My friend Fred got a new toy for his birthday. For the last couple of years he’s been lusting for a SUV (Sport Utility Vehicle). If you’re not familiar, those are off-road buggies powered by snowmobile engines. In Congress, they’re all the rage and have all but replaced golf carts.

Last month some folks in the park sold their home and advertised their SUV on the local bulletin board. It was just the one he was hankering for, so he kilt it and brought it home for Deb. Her only comment was the smoke coming out of her ears. She looked like her power supply burnt up. It’s bright yellow Can-Am, so I tagged it Tweety, after the villainous cartoon canary that brought grief to Sylvester the cat.

Fred was all excited when he brought it over to show me. The first words that came out of my mouth were about him being forced to sleep in their trailer. After a ride around the block, we concluded that it needed a shake-down cruse. After comparing honey-do lists, our first common free day was last Thursday. We decided on a route that circled the house and would never be more than ten miles away. We were going to drive up to Stanton (a mining ghost town that is now an RV Park) then stop at the old Octave mine and finally drive the back roads home. I could bring my camera and get some shots along the way. The whole trip would take about three hours and we’d be home by dinner.

On Thursday, I cleaned my camera, charged up spare batteries and noticed that the memory card door was open, so I made a mental note to put a fresh SD card into the camera and pack a couple of spares. Fred showed up right on time at half past two. After some last-minute adjustments, including a heavy sweater and packing water, we set off.

Along the sides of US-89 there are trails that people use for SUVs and ATVs. That way they aren’t obstructing highway traffic. We drove the north-bound trail to the gas station to top off the tank. By the time we reached the station, the novelty of riding in the open and jostled about had already grown thin.

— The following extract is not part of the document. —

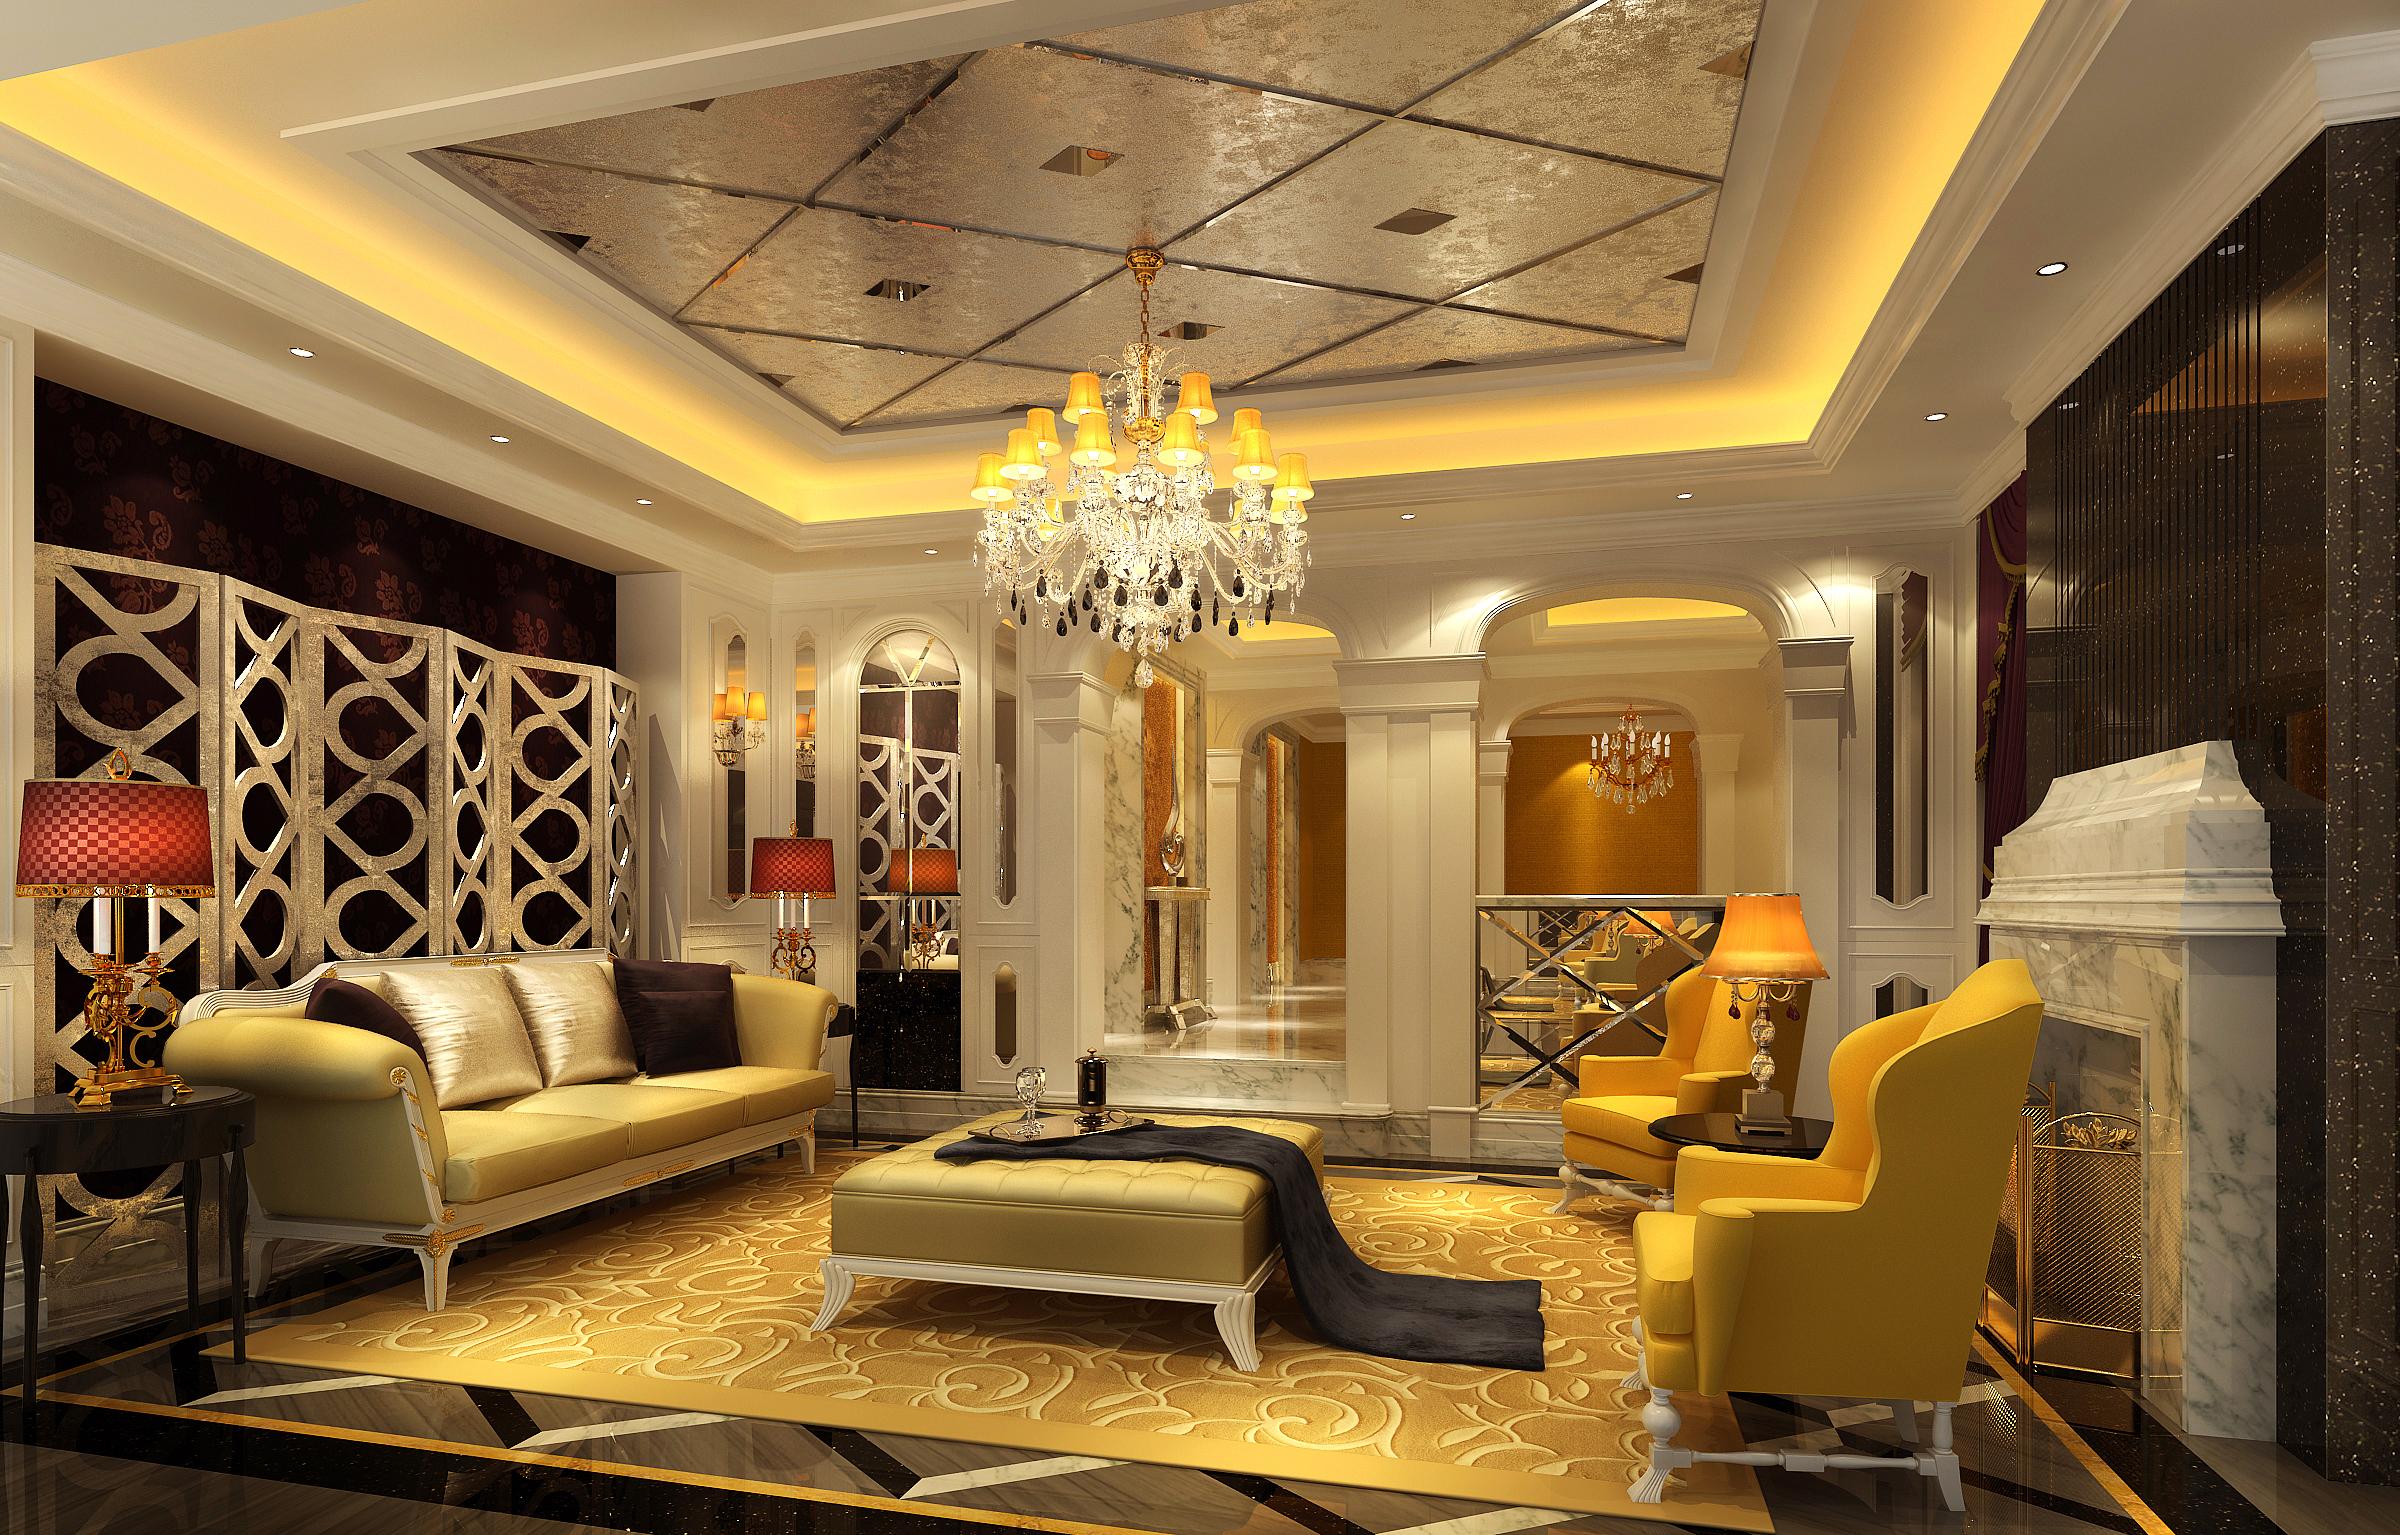 三居 港式 英伦 客厅图片来自天津京尚装饰在京尚装饰-观锦-港式三居128㎡的分享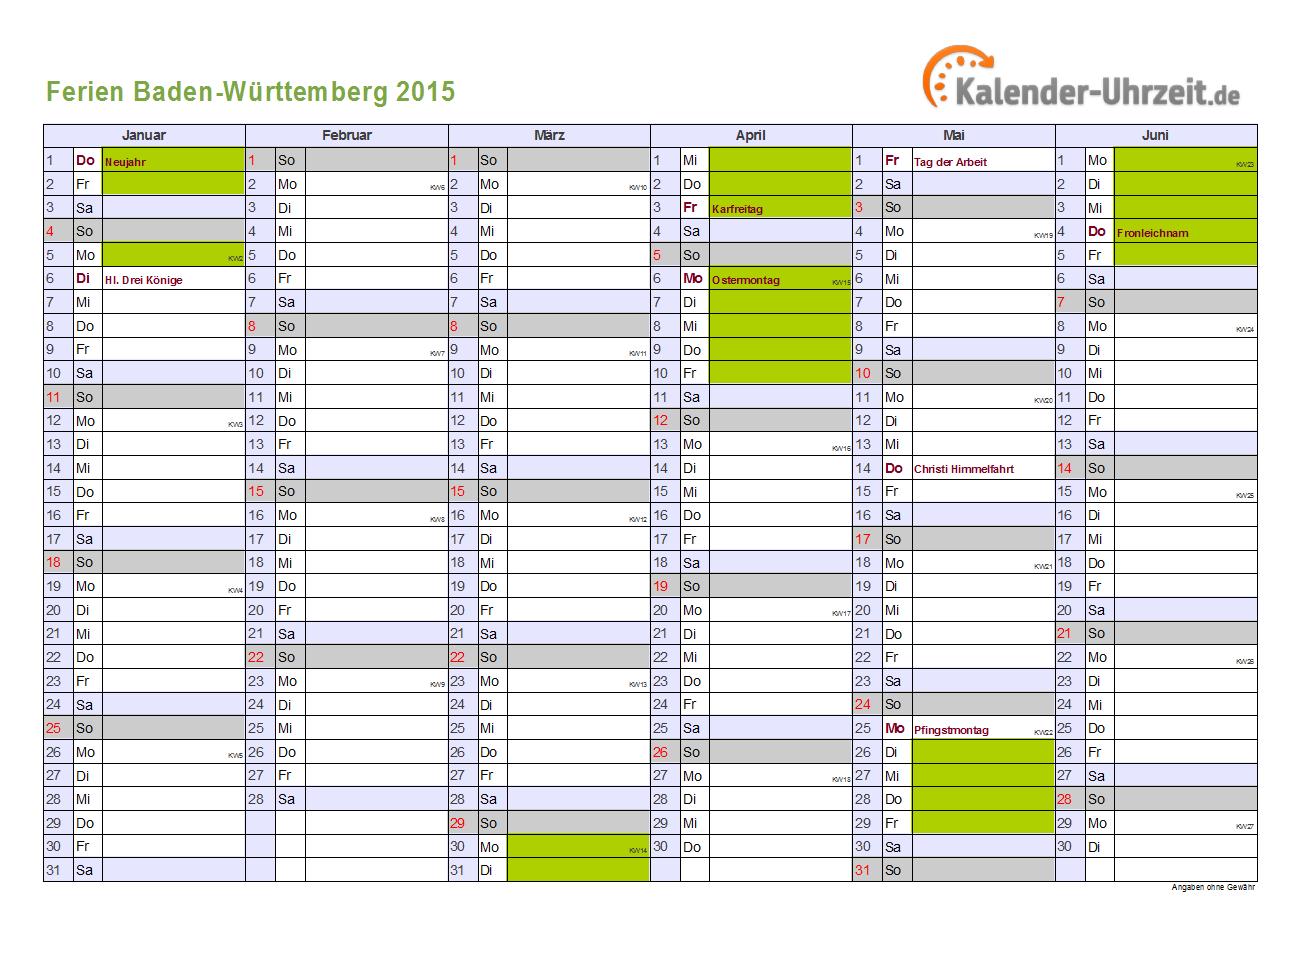 Ferien Baden-Württemberg 2015 - Ferienkalender zum Ausdrucken

There’s no heater, no doors and the only thing keeping you inside are the seat belts and a couple of strategically placed grab bars. After getting gas we had to drive the highway for another couple of miles before turning onto the dirt road that goes to Stanton. We watched the mirrors carefully for traffic and pulled to the shoulder to let cars go by.

When we reached the Stanton road, Tweety was in her element and we sailed along at a decent clip. It’s only a half-dozen miles to the ghost town and I worried that we were too early for the ‘magic light’, but we pulled into the RV Park to check it out. There are a few dwellings remaining, surrounding a Saloon (serving as an office), hotel and the remains of the old brick opera house. I wandered off to reconnoiter the buildings while Fred stopped at the office. He found out that it isn’t a park at all, it’s a mining association. Like a timeshare, you buy into the place and in return you can park your RV and work any of the claims that the association owns. Because he registered as a guest, they gave us permission to hang around and shoot some pictures, so I went for my camera and when I pulled it out of the bag; I saw that the card door was still open. I forgot to pack film; so much for the photo shoot.

We soon were off to the Octave Mine. As we drove, I made mental notes of photo locations. I also noticed that the area was crawling with prospectors working active claims. The area along the Weaver Range had several productive gold mines in the 19th Century, but they had all played out by the 1920s. Even so, along the road were gates with “No Trespassing” signs. Being very protective, when a miner’s sign says “violators will be prosecuted,” that usually means shot.

Since we didn’t have to stop for photographs we set out to find the road that would lead us home. To keep us from getting lost, I brought a topographical map and my GPS. We used them to navigate the maze of trails that crisscross the area. We would go till we found an intersection, take a reading from the GPS and find our place on the map. We sort of could figure where we were but the map and GPS seemed to disagree by about a thousand yards. By using our heading and the terrain, we could interpret our site on the map. We drove by a windmill and cattle tank (a lovely shot), we used as proof that we knew we weren’t lost.

According to the map, all we had to do was go north from the windmill a hundred yards, turn west on a jeep trail, drive south through Antelope Creek for a quarter-mile and the road we were looking for would be on the right. We’d be home early.

We quickly found the trail which led down a steep bank into a creek bed. As you’d expect, there wasn’t much of a road down there. Just intermittent tire tracks along the boulder strewn ravine. Tweety’s ease in traversing the rocky path impressed us. We concluded that this thing would go anywhere. About a mile later the trail climbed up the bank heading south and skirting a low hill. We’d missed our road, so we turned off and headed back north only to find ourselves back at the windmill.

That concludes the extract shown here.